The Yellow Birds

In Kevin Powers's visceral debut novel, The Yellow Birds, the war in Iraq seems driven as much by the relentless intensity of the hot, bright sun as by the suicidal fervor of the insurgents. Private Bartle, 21, and his younger buddy Murph soldier up every day, donning body armor and Goopacks to walk the streets and outskirts of Al Tafar. Whether they live or die seems not a matter of training, strategy or superior technology but of luck.

The Yellow Birds is a meditative war story, more Red Badge of Courage than Catch-22. In chapters that alternately take place during training at Fort Dix, deployment in Al Tafar, discharge through Kaiserslautern and home again, Powers captures their transition from naïve enlistees to war-weary, guilt-ridden veterans.
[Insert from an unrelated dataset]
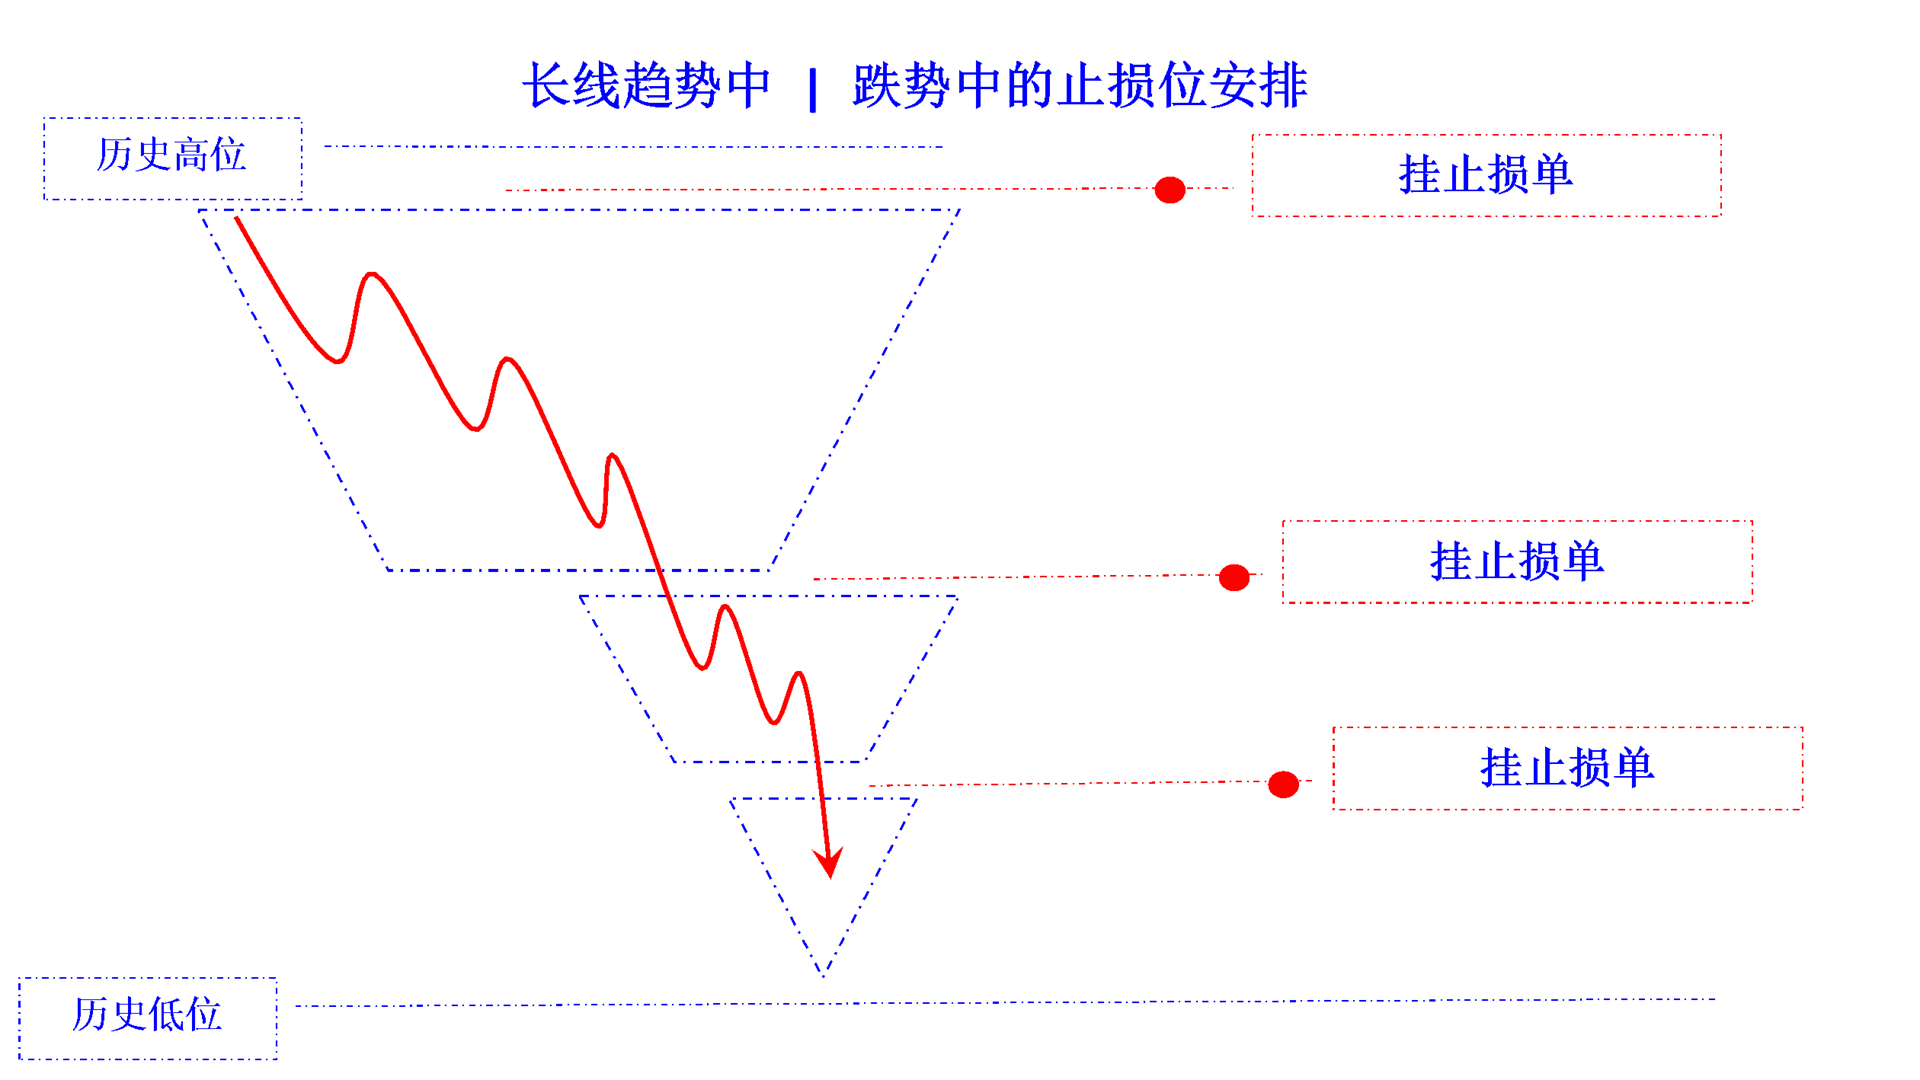 position stop loss in falling trend long cn

Powers's sensitive novel reflects the soldier's difficult reentry back home as Bartle holes up in an empty Richmond, Va., apartment while "the dull world that ignored our little pest of a war rolled on." When asked "Hey, how are you?" he wishes he could just tell the truth: "I feel like I'm being eaten from the inside out and I can't tell anyone what's going on because everyone is so grateful to me all the time and I'll feel like I'm ungrateful... or like I'll give away that I don't deserve anyone's gratitude and really they should all hate me for what I've done." Fortunately, we have the talented Iraq War veteran Powers to tell his story for him. --Bruce Jacobs, founding partner, Watermark Books & Cafe, Wichita, Kan.